Когда учитель выходил из дому, его жена Майя возвращалась от соседки. Встретившись с ним у калитки, она отвернулась от него.

— Ты все сердишься, старушка?

— Замолчи, Ионак. Ты мне противен. Все село ненавидит тебя. Я удивляюсь, как у тебя хватает совести показываться на людях. Ничего, скоро ты ответишь за свои поступки. Куда тебя несет?

— Меня вызывает староста. Мы должны помочь немцам восстановить разрушенный партизанами мост.

— Ты с ума сошел… Твой сын борется за нашу свободу, а ты…

— Каждый живет по-своему!

— Где Алекса? Неужели он ушел, не повидавшись со мной?… Ты что, прогнал его?

— Я же сказал тебе, Алекса умер. Гестапо знает об этом.

— Ты отрекаешься от собственного сына, от семьи, от родины. Так знай же, я сама передам тебя в руки правосудия. Теперь иди и донеси на меня твоим друзьям, фашистам!

— Замолчи, прошу тебя. Смотри, не делай глупостей, слышишь?
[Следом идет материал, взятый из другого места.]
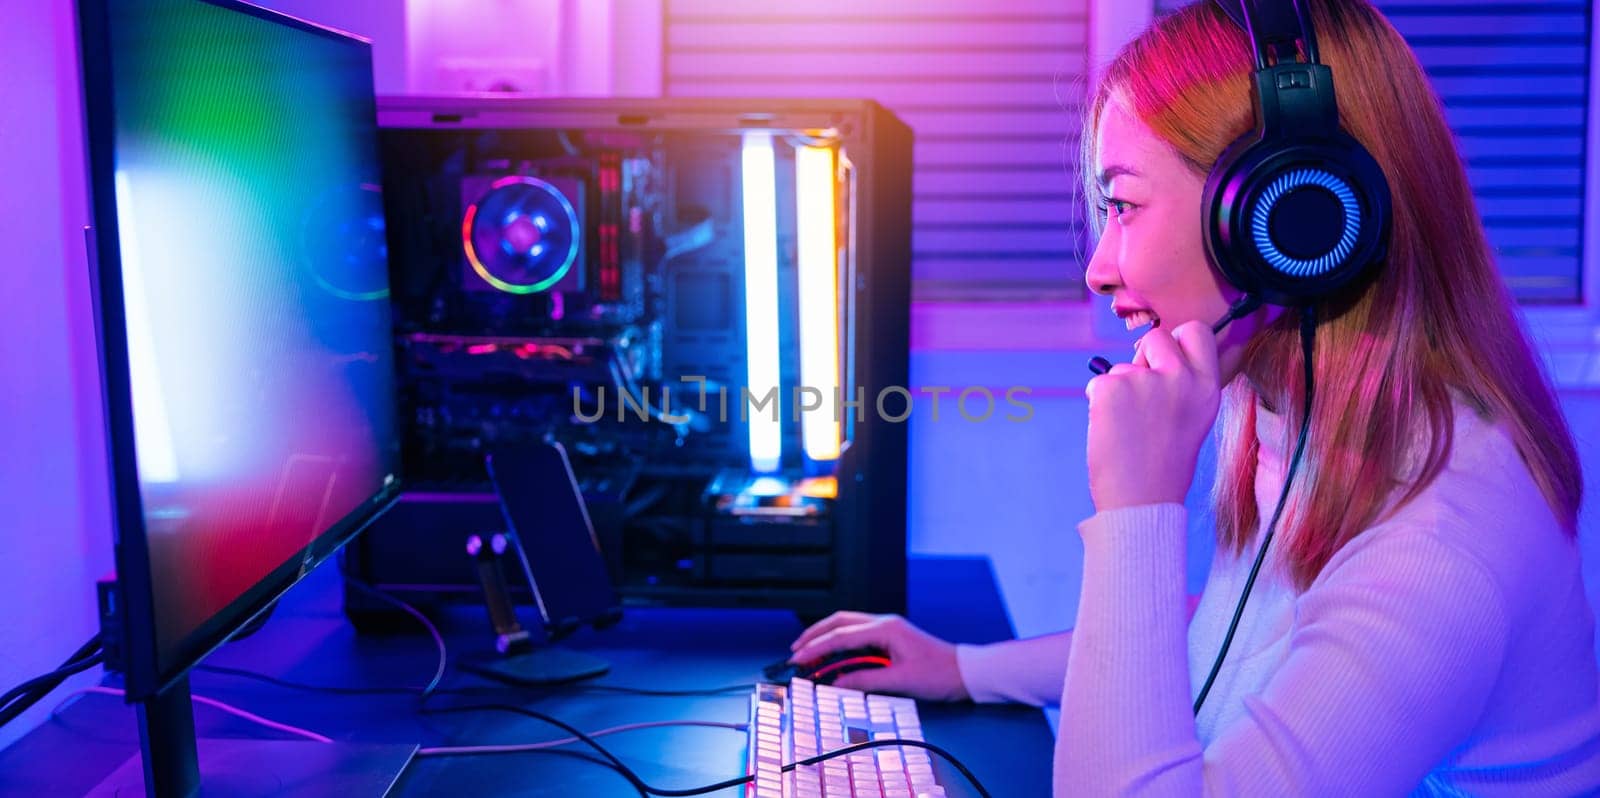 Happy Gamer endeavor plays online video games tournament with computer neon lights, young woman wearing gaming headphones intend to do playing live stream games online at home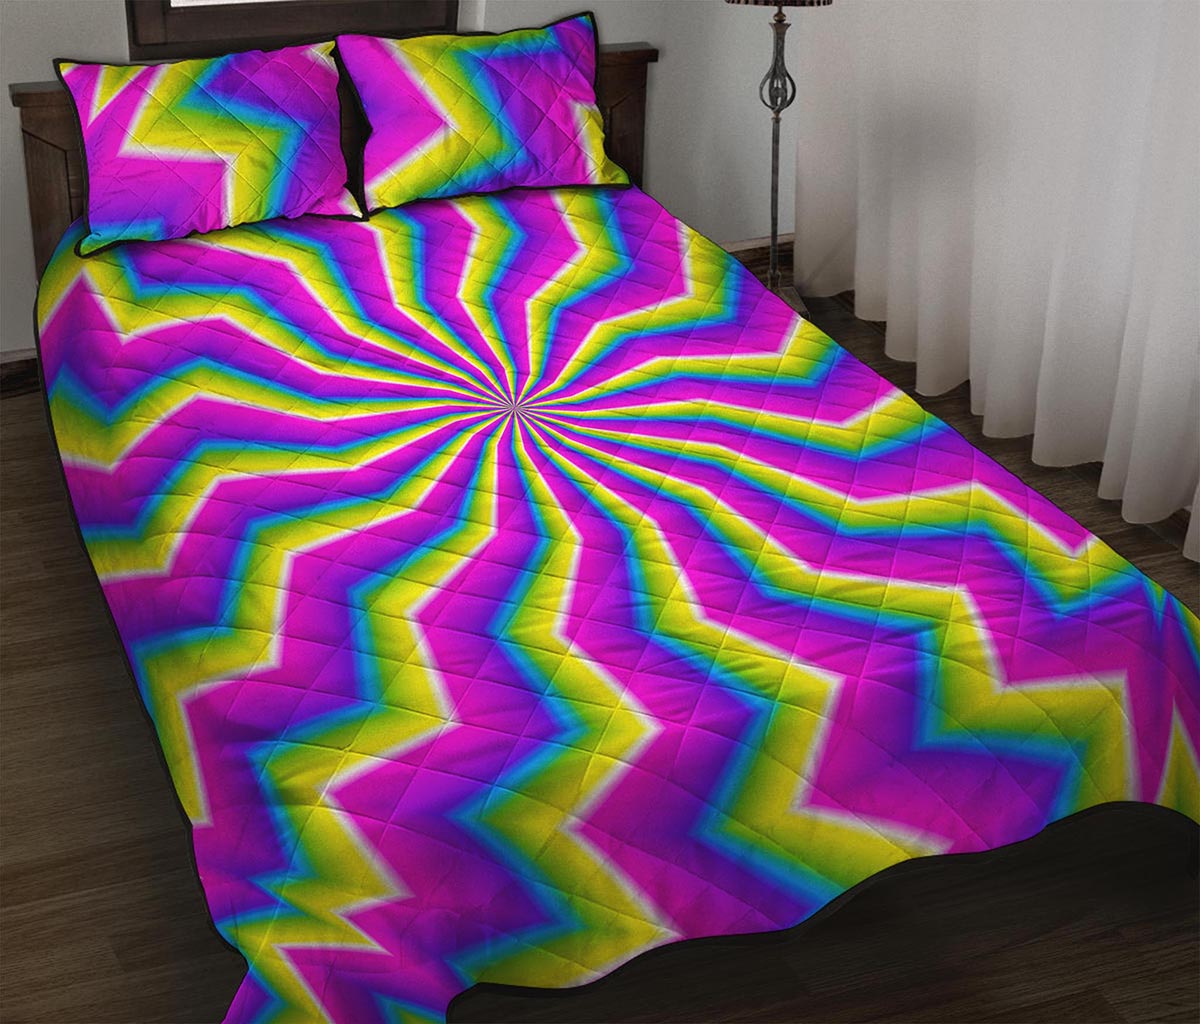 Green Dizzy Moving Optical Illusion Quilt Bed Set

Но Майя Клапка уже не слышала мужа. Хлопнув калиткой, она вошла в дом.

Старый учитель шел по улице. Крестьяне отворачивались от него, делая вид, что не замечают. Все годы оккупации учитель Клапка вселял в людей надежду и уверенность, что наступит свобода. Но сейчас все возненавидели его.

Войдя в здание сельской управы, Клапка постучал в дверь, открыл ее и вошел в комнату, где сидел староста.

Староста, Вили Булик, старый агент нацистов, не спал всю ночь. Он понимал, что гитлеровцы проиграли войну и что через одну-две недели все изменится. Поэтому он очень удивился, когда неделю назад к нему по поручению нескольких местных националистов пришел учитель Клапка. Так мог поступить только безумец. Он с великой радостью готов был уступить свой пост этому чудаку, тем более что немцы вот уже два дня грозят расстрелом, если не будет найден укрытый в селе румынский летчик. Булик даже хотел спросить учителя, что его заставило открыто перейти на сторону фашистов именно теперь, когда леса кишат партизанами и немцы отступают, но страх, что учитель может донести о таком разговоре в гестапо, заставлял его молчать.

— Ну, Ионак, что нового? Как себя чувствует фон Мюллер в твоем доме?

— Думаю, что хорошо. Я все предоставил в его распоряжение.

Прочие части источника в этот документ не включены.